Un nationalisme antinéerlandais, oui. Un sentiment national? A Bruxelles, certes. Mais pas à Liège, toujours francophile.
A quand remontent les premières tensions entre francophones et Flamands?
A l'origine de notre Etat. Au moment même où les Pays-Bas reconnaissent définitivement la Belgique, en 1839, un mouvement flamand se dessine pour revitaliser une langue alors méprisée par les élites francophones. Son action n'a jamais cessé.
Pourquoi la Flandre, aujourd'hui si riche, si sûre d'elle, exige- t-elle toujours plus de pouvoirs pour les régions?

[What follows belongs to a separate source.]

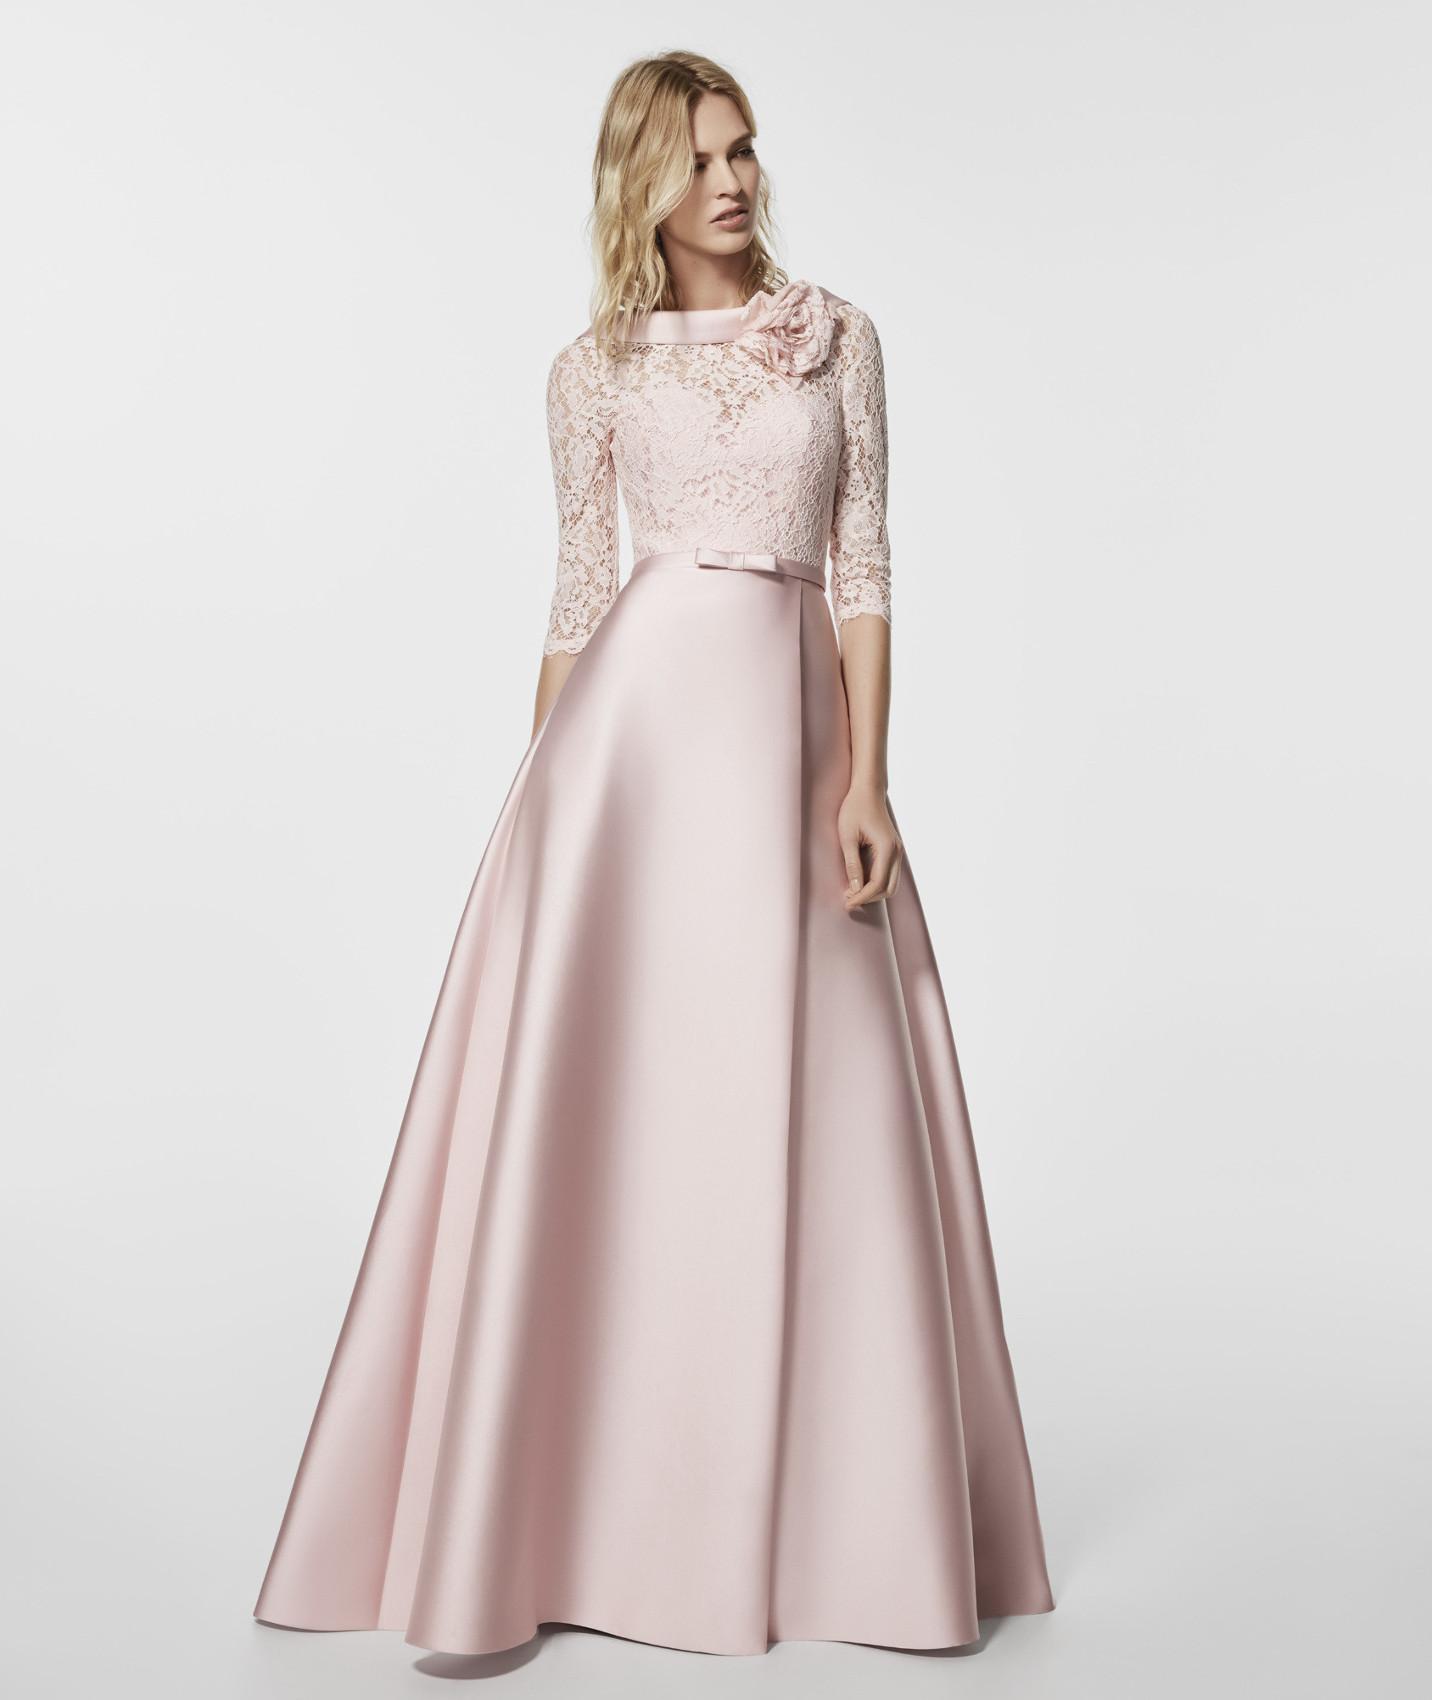 Glorymar evening dress

Justement à cause de sa prospérité. Depuis la fixation de la frontière linguistique qui partage le royaume, la Flandre estime avoir la taille suffisante pour devenir un Etat autonome. Elle n'accepte plus de participer aux mécanismes de solidarité en faveur d'une Wallonie francophone dont le revenu est depuis trente-cinq ans inférieur à la moyenne nationale.
La Belgique est-elle encore un Etat fédéral?
La Belgique va devenir un Etat confédéral. Les matières gérées par le gouvernement central vont être de plus en plus réduites et les liens entre les entités de plus en plus lâches. C'est ça le problème.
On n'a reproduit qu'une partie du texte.